Simplification when done by a computer, as when done by humans, involves at its heart the application of a large number of mathematical rules that transform expressions. To give some examples of a few of the more basic rules:

  • x + 0 \rightarrow x
  • 1 * x \rightarrow x
  • x * x \rightarrow x^2
  • x * (y / x) \rightarrow y
  • x^2 - y^2 \rightarrow (x + y)(x - y)
  • \sin^2 x + \cos^2 x \rightarrow 1

Given a complete set of all simplification rules, we can find a path (or derivation) between any two equivalent expressions. (In theory, this is no issue, since the set is finite, though rather large. The practicality of  all the required rules is another issue that I will not go into here.) Note that the rules are bidirectional; they allow you take a simple expression and sequentially transform it into an arbitrarily complex, yet still identical one. (For example, x \rightarrow x + 0 - 0 + 0 - 0 + 0.)

Assuming (quite reasonably) that this assertion that a “finite number of application of simplification rules can derive any equivalent expression from the original” is valid, we must then consider how the search should proceed.
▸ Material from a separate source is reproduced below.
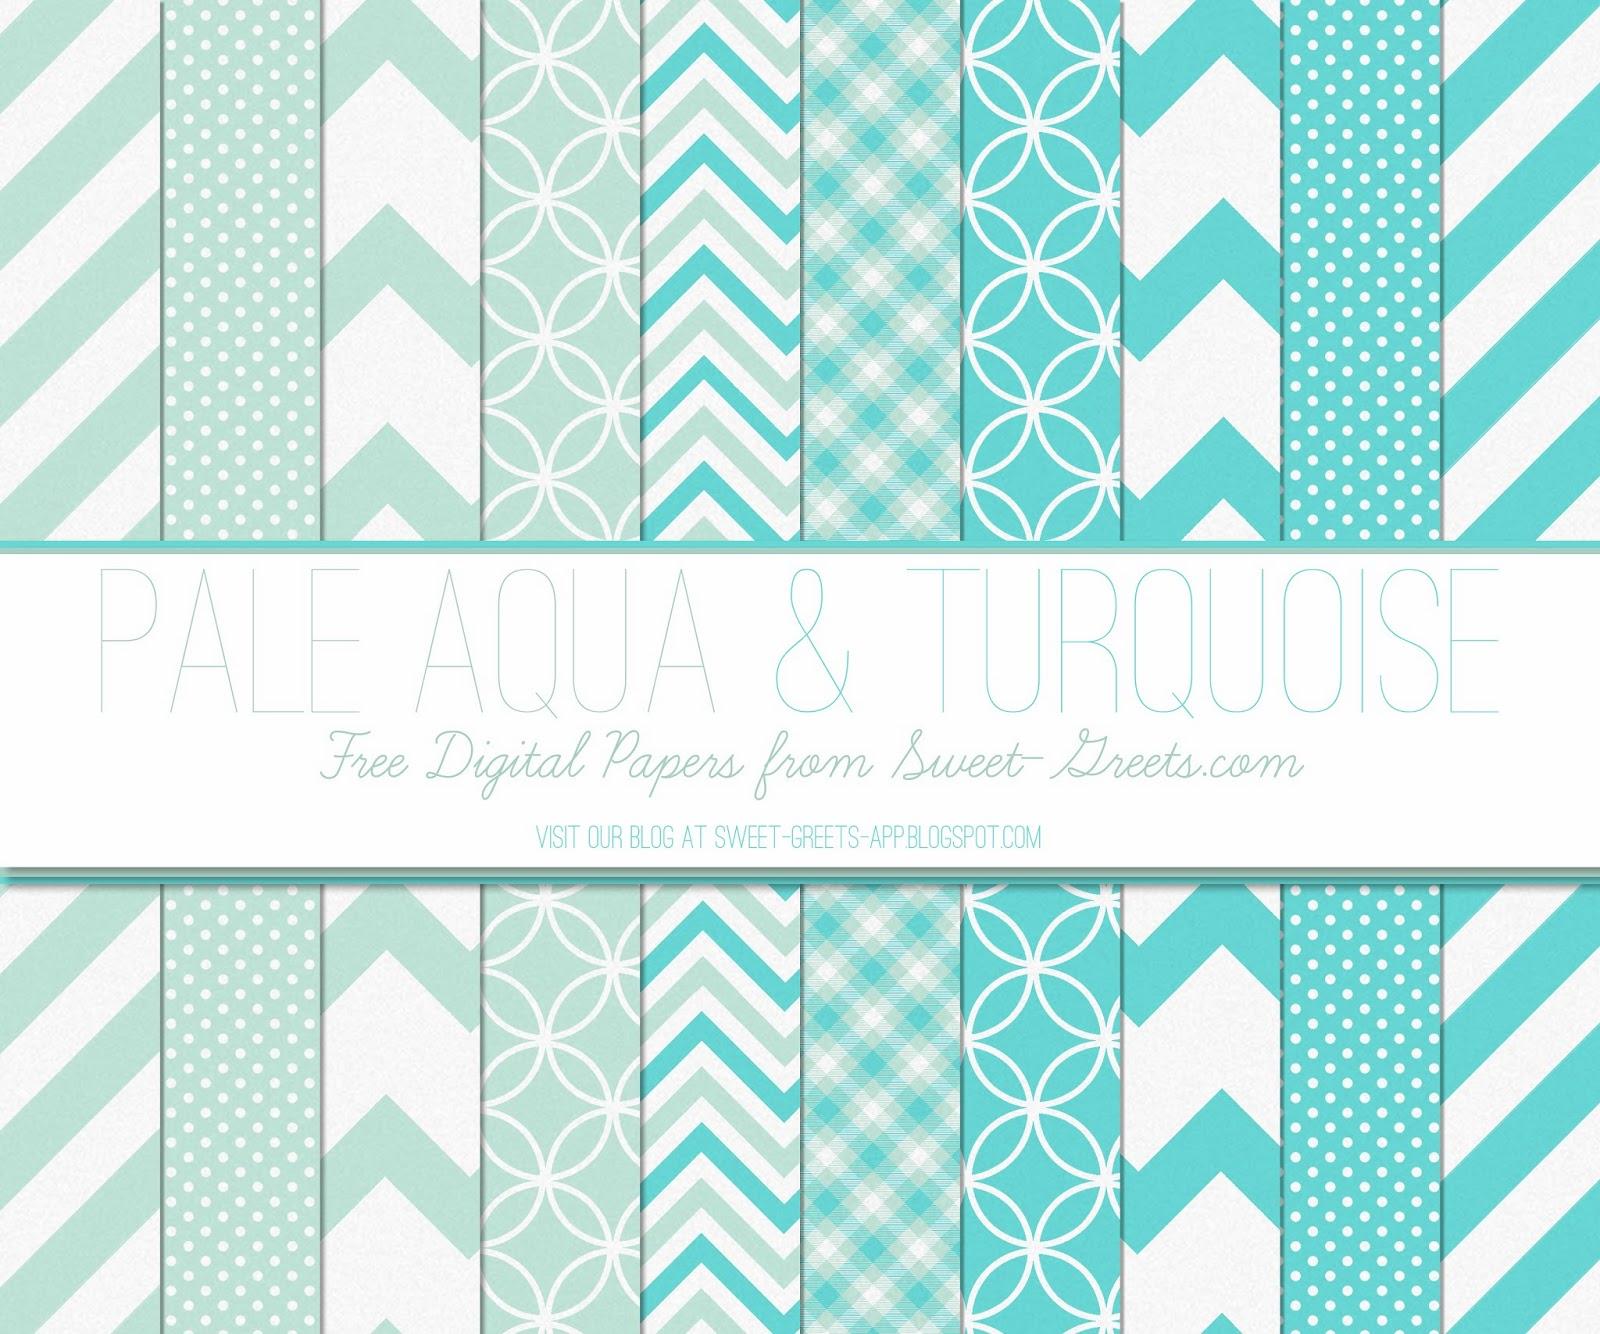 Just Peachy Designs: Free Digital Paper: Aqua and Turquoise

Under the utterly naive brute force approach, the algorithm is clearly non-terminating, but we can do a lot better than this.

The search algorithm is all about compromisation in essence. If we search every possible derived expression (up to a certain size), then it could take an unreasonably length of time to simplify even relatively tiny expressions. On the other hand, we make too many assumptions and cut off many branches in the search tree prematurely, the algorithm may terminate quickly, though not necessarily with the simplest solution (or even anything close). Hence, the idea of using genetic algorithms, albeit initially appealing, is in my view to restrictive to a problem that requires a “perfect” answer in most cases, and should not have any stochastic nature.
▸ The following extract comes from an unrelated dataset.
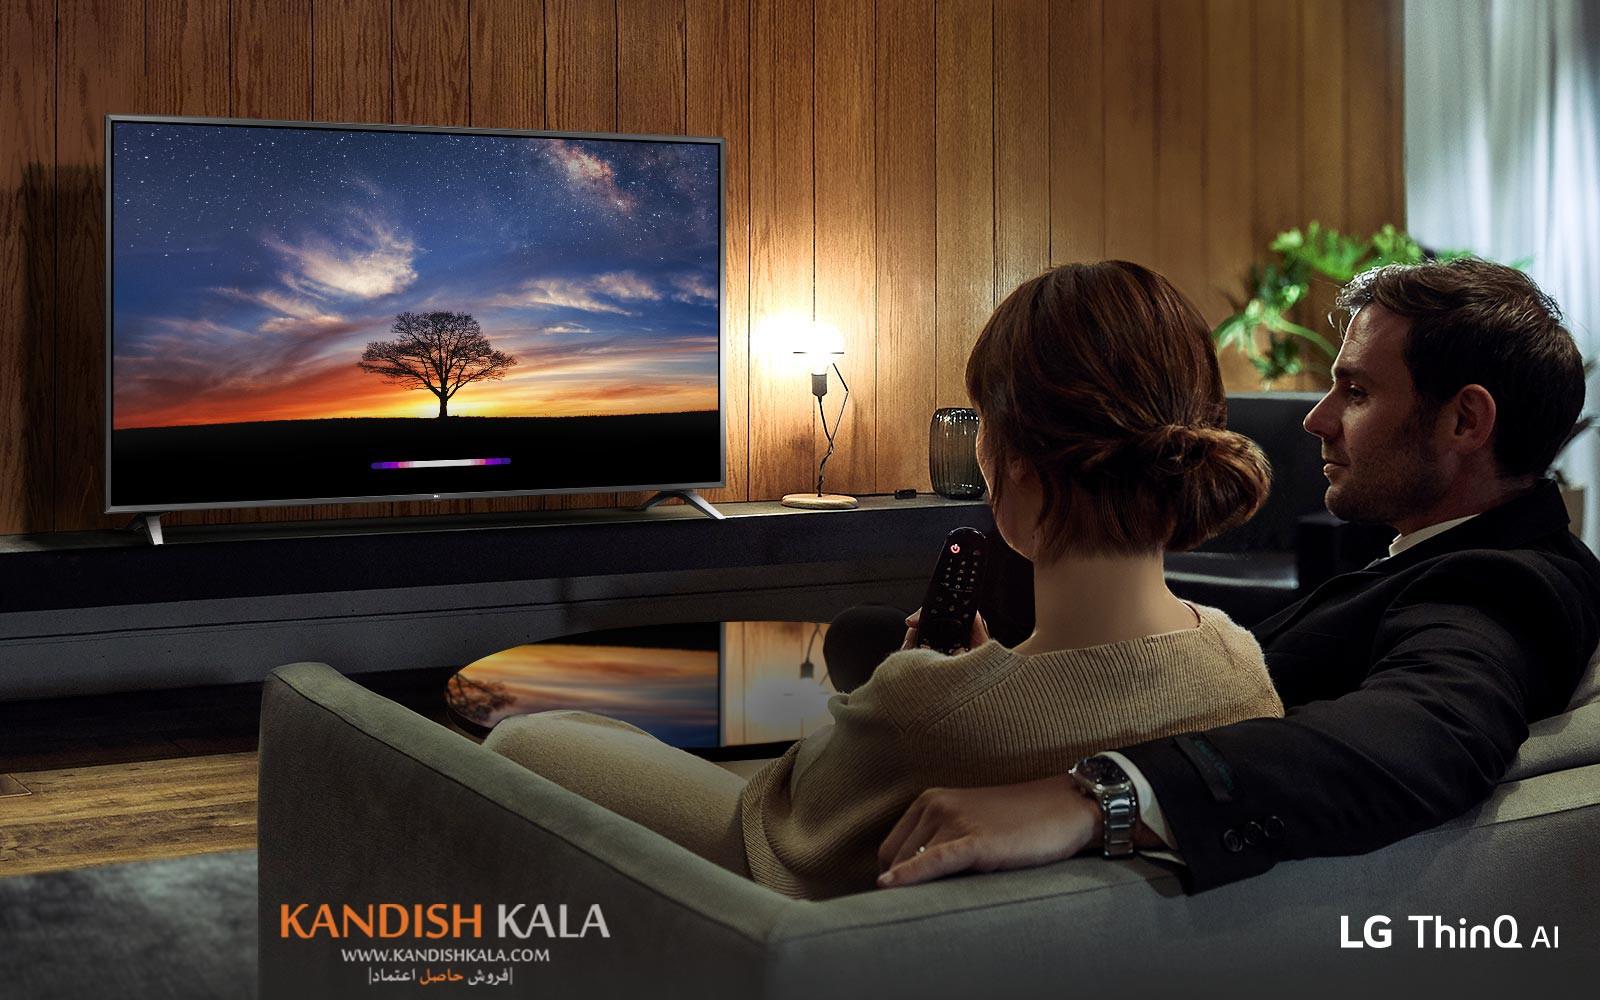 قیمت تلویزیون 70 اینچ ال جی مدل 70UM7350

My currently planned approach is one that does not differ greatly from a simple brute force evaluation of all the simplification paths. The main improvement is one that falls out rather naturally from using a fitness function. The idea is that each node of the search tree is evaluated by the fitness function upon its creation, and if the fitness is below a certain (specified) threshold, the search from that particular node terminates. For a start, this prevents originally small/simple expression trees being transformed into ones that are absurdly large, while still allowing some limited expansion of expression trees in the hope that they may later be simplified very effectively. Many nonsensical (what we might call counter-intuitive) paths of reduction of the expression would also be eliminated in a similar way. There is also one practical problem of important note here: many disparate simplification paths along the tree do converge to the same solution during a search (some quite quickly), so it would be quite foolish to branch twice from identical nodes of the search tree. Instead, we really want to cache any nodes (expression trees) already visited during the search process, and not compute their descendants (derived children) more than once. A simple hash table (set, in fact) would seem like the most effective way of accomplish this. Creating an efficient and relatively collision-free hash function for an arbitrary tree structure is however no trivial task. I was to get a number of quite sensible and useful responds when I asked the question on StackOverflow.
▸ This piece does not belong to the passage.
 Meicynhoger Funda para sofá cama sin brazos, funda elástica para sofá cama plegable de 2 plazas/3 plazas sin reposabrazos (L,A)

Apologies if this discussion of “search trees” and “expression trees” and their corresponding nodes has led to some confusion regarding what is what. It is most important to recognise that the node of a search tree is itself an expression tree (what I sometimes call a “solution” to the “simplification problem”). Due to the risk of losing reader interest at the cost of an even longer post, I shall stop my ramblings here, and leave further elaboration of the search algorithm for another post.

The future of the project

What has been discussed so far is largely theoretical, yet I have tried to present it in such a way that the method of implementation is for the most part self-evident. Work on this project will likely proceed slowly in the short-term future, though as it advances, the features will surely solidify. I am hoping that at least by summer there should be some tangible results to these efforts. Regardless, I shall try to give status updates along the way.